### YOUR GOAL
Below is a listing. Quote from it, exactly, the lines from the one containing "John Selden, 1584-1654, an" down to the one containing "Turn Signal Wiring", both ends included, and nothing else.

### DATASET EXTRACT
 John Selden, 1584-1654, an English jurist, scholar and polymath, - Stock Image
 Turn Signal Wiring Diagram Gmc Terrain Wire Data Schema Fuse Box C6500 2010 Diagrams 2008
==
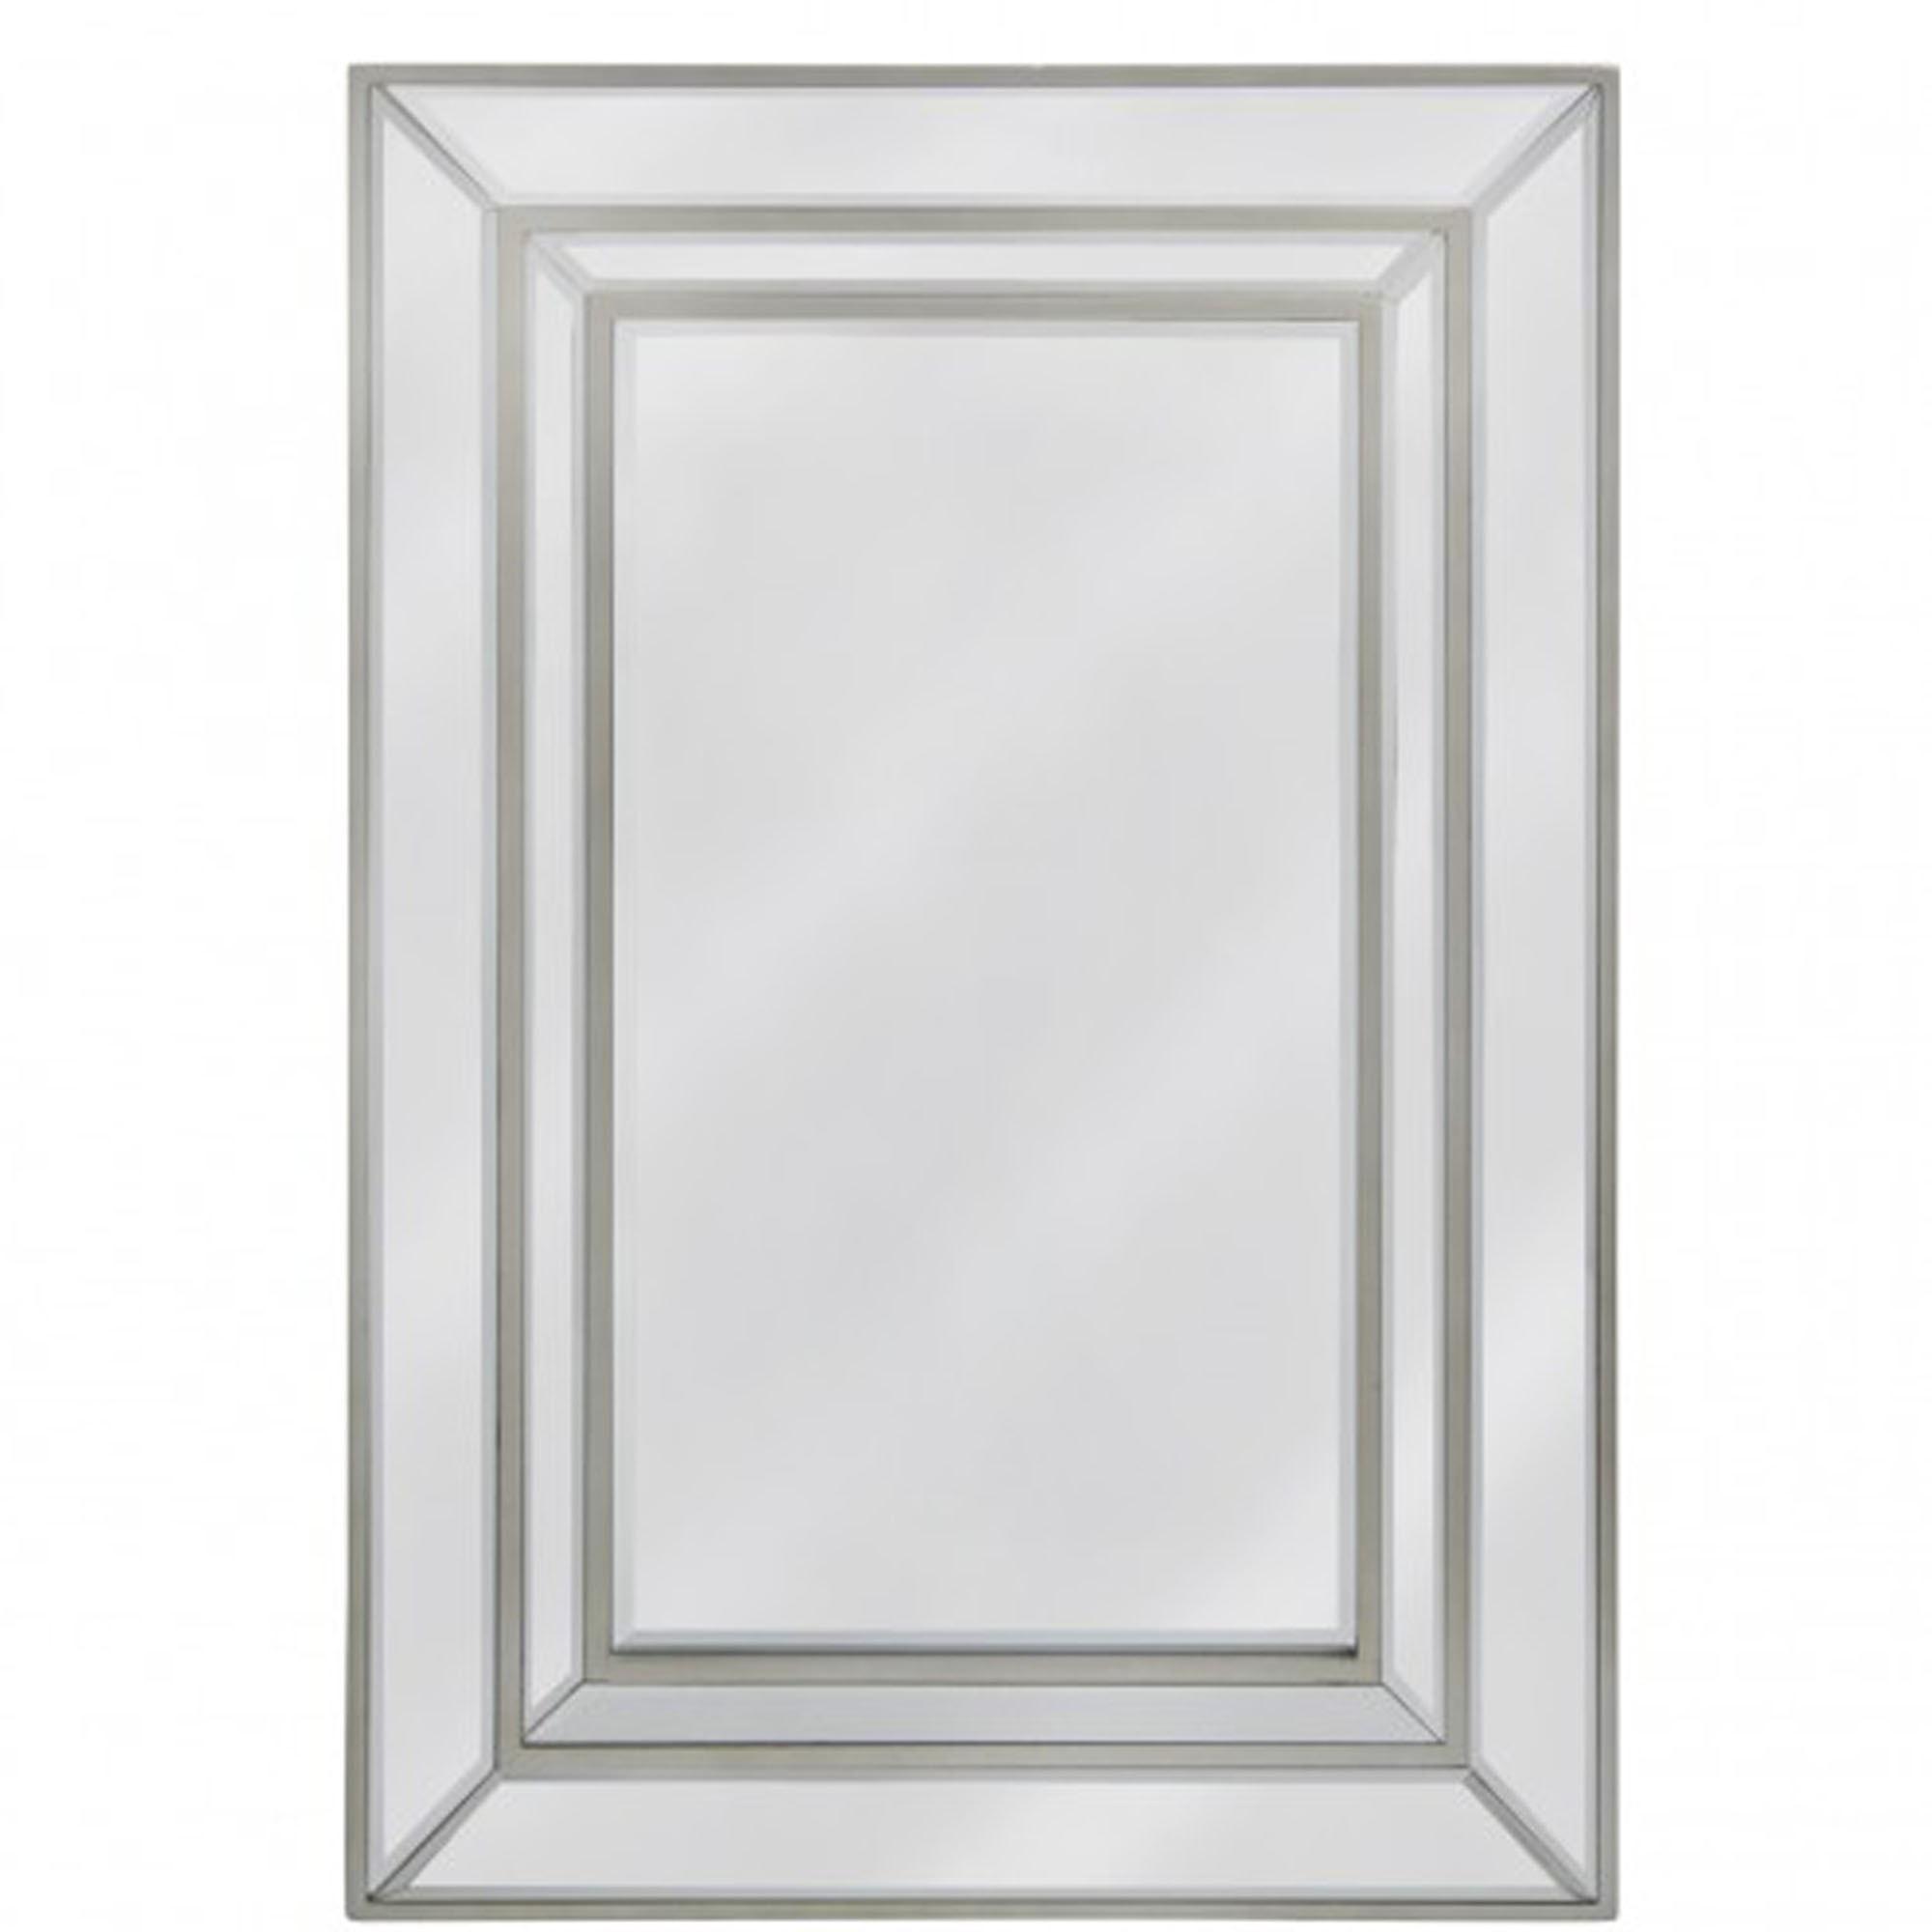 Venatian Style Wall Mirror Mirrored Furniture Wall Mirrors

### WRITTEN SOLUTION
 John Selden, 1584-1654, an English jurist, scholar and polymath, - Stock Image
 Turn Signal Wiring Diagram Gmc Terrain Wire Data Schema Fuse Box C6500 2010 Diagrams 2008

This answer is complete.